Его большие черные глаза стали влажными.
Кесарий позвал раба и велел ему принести свой дорожный кошель, расшитый египетским узором из фениксов, достал из него десять монет и подал юноше.
— Вы меня… покупаете? — радостно прошептал тот.
— И не собираюсь, — ответил Кесарий нарочито строго. — Мало ли что Абсалом придумает. Это твоему отцу… а это — тебе, — он достал еще шесть золотых монет.
Аба зашатался — ноги его подкосились. Он упал на колени, но Кесарий и Абсалом подхватили его.
— Не надо, — тихо добавил Абсалом. — Ну, ступай, Абба.
— Ты нарочно меня разжалобить хотел, Салом? — спросил Кесарий.
— Все говорят, Сандрион, что ты изменился в Новом Риме… — проговорил сириец.
— Все! Хорошо ты сказал — «все»! Папаша говорит, ты хочешь сказать?
Абсалом встрепенулся, но не ответил.
— Ты хочешь сказать, что ожидал того, что я куплю это мальчишку и сделаю рабом? — гневно продолжил Кесарий.
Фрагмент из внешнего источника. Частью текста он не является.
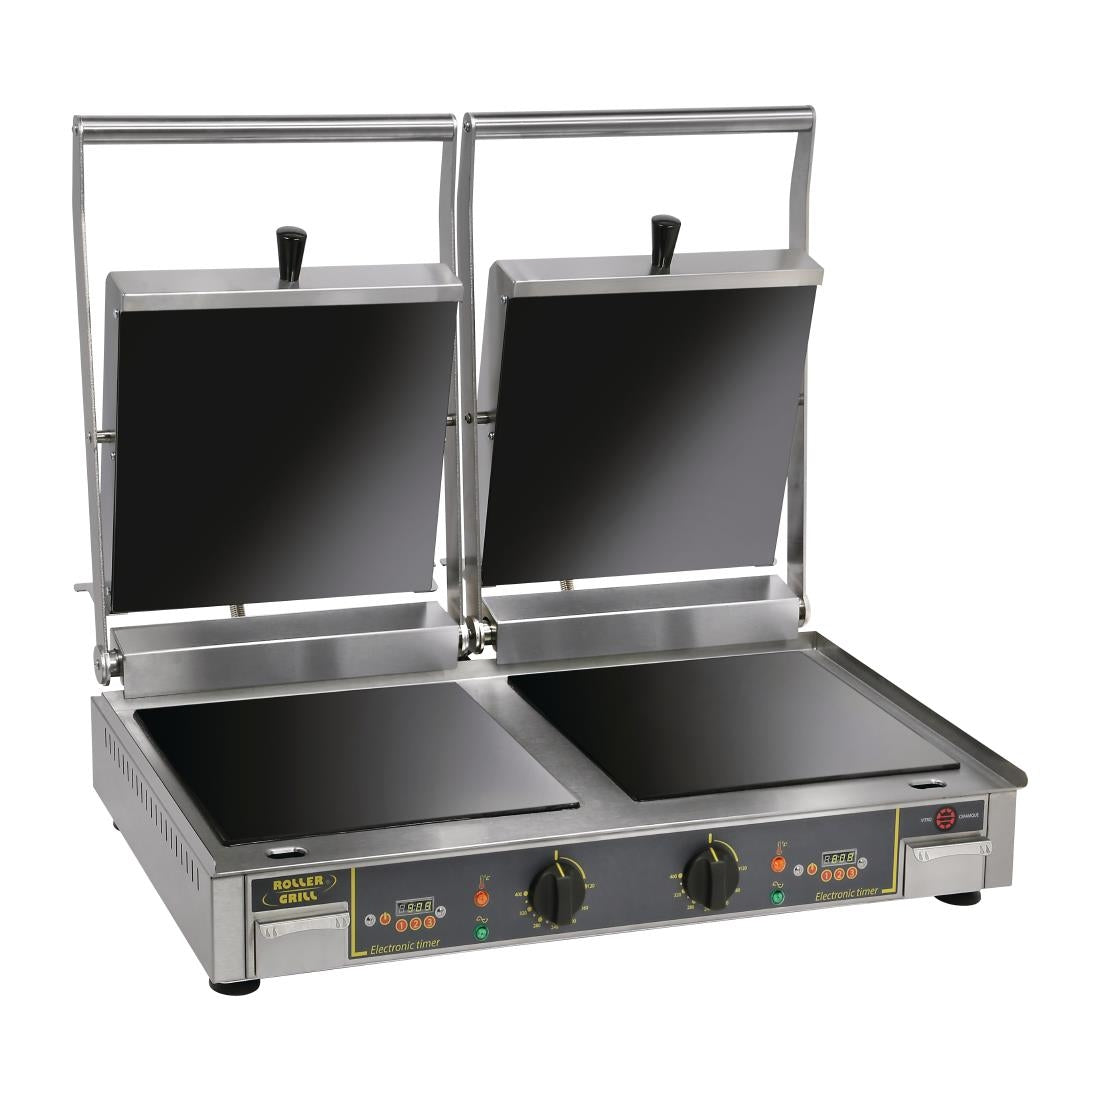 FE149 Roller Grill Premium VC DFT Double Ribbed Contact Grill JD Catering Equipment Solutions Ltd

— Не знаю, Сандрион, — честно признался сириец.
— Брат мой! — воскликнул Кесарий. — Пусть то, что он не стал рабом, будет знамением того, что ты получишь свободу!
Он обнял сирийца за плечи, а тот обнял его, и они стояли так долго, молча, в предрассветной дымке.
— Даже если это не получится, брат мой, — сказал Абсалом наконец, — спасибо тебе.
— Получится, брат! — твердо произнес Кесарий.
— Знаешь, Афродита Урания принесла двенадцать щенков. Уже прозрели. Все красивые, на мать похожие, — вдруг сказал Абсалом и засмеялся. Кесарий тоже засмеялся.